The goats, nearly knocking me over every morning as they try to be close to me. Especially the goats who’ve developed a special way of getting a peanut from me during either the morning or afternoon feeding. Many of them have a unique time during the feeding that they break away from the others and nudge me for a treat. It’s our little thing - each particular goat and me - and a moment that I cherish with every single one of them.


The smell of the hay barn when it’s newly filled with alfalfa hay.


The loved ones we lost: Zuli (my beloved feline companion of twenty years), Little Ida (Jan’s rat terrier), Domino and Dancer, Big Red, Stripey, Poofy Face, The Roo, the Glorious Black Australorp, Pete, Spotty, Not-Spotty, Phoebe, Triscuit, Lezlie’s baby, Sugar, Ray, Molly, Sam, and Madam. I loved every single one. I miss every single one every day.



Some years ago I went on a (mostly) silent meditation retreat in Nova Scotia. It’s astonishing how close you become to the other participants on a retreat like that. You’ve never spoken with them.
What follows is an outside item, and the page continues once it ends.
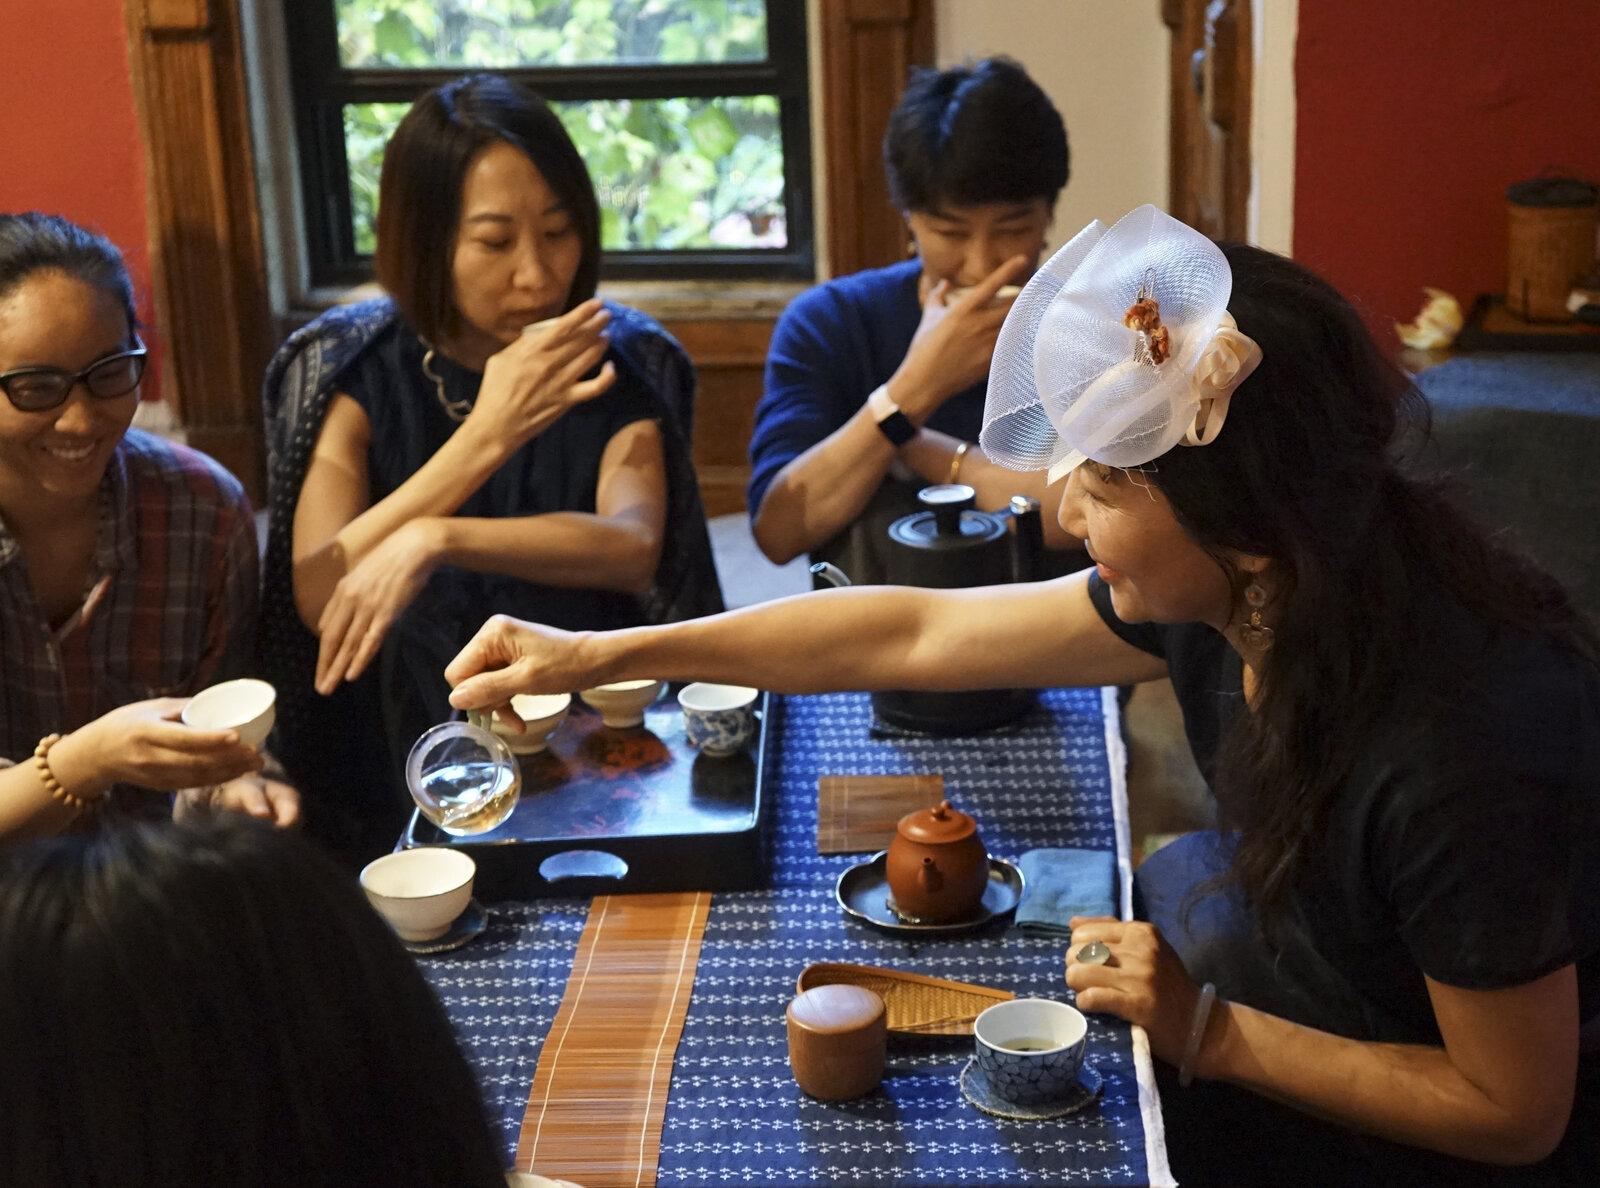 Ikebana and Tea Ceremony at Present , photo by Yilan Wang, Courtesy Fou Gallery.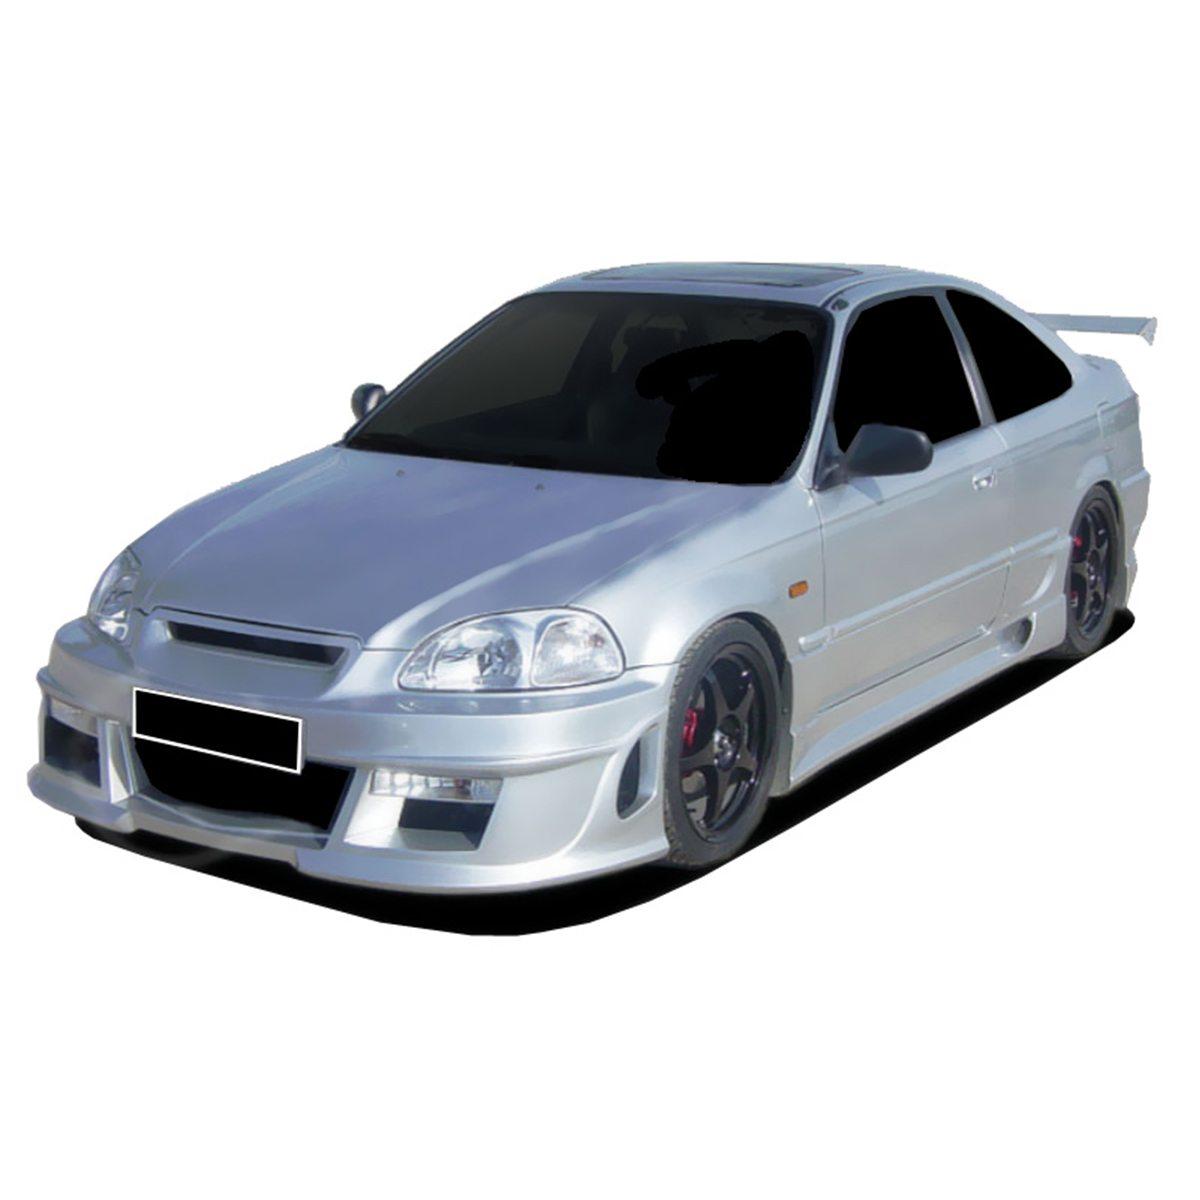 Honda-Civic-98-Coupe-Twister-Frt-PCA042

You don’t know where they’re from, what they do, what are their politics. And yet, you sit together, work together, eat together. The bond between you is palpable. At the end of the retreat, there was a big final dinner, and the group spontaneously burst into a song: Farewell to Nova Scotia. It was a tearful, emotion-filled moment. I don't normally think in terms of the sadness of leaving a beloved place.


I feel as if I need a song to sing for leaving the farm. A song I can sing to the goats when I feed them in these last few mornings. I’ll be thinking about it in the next days.



Thanks for reading my blog. I have loved sharing the goat life with you. I hope your futures are filled with wonder.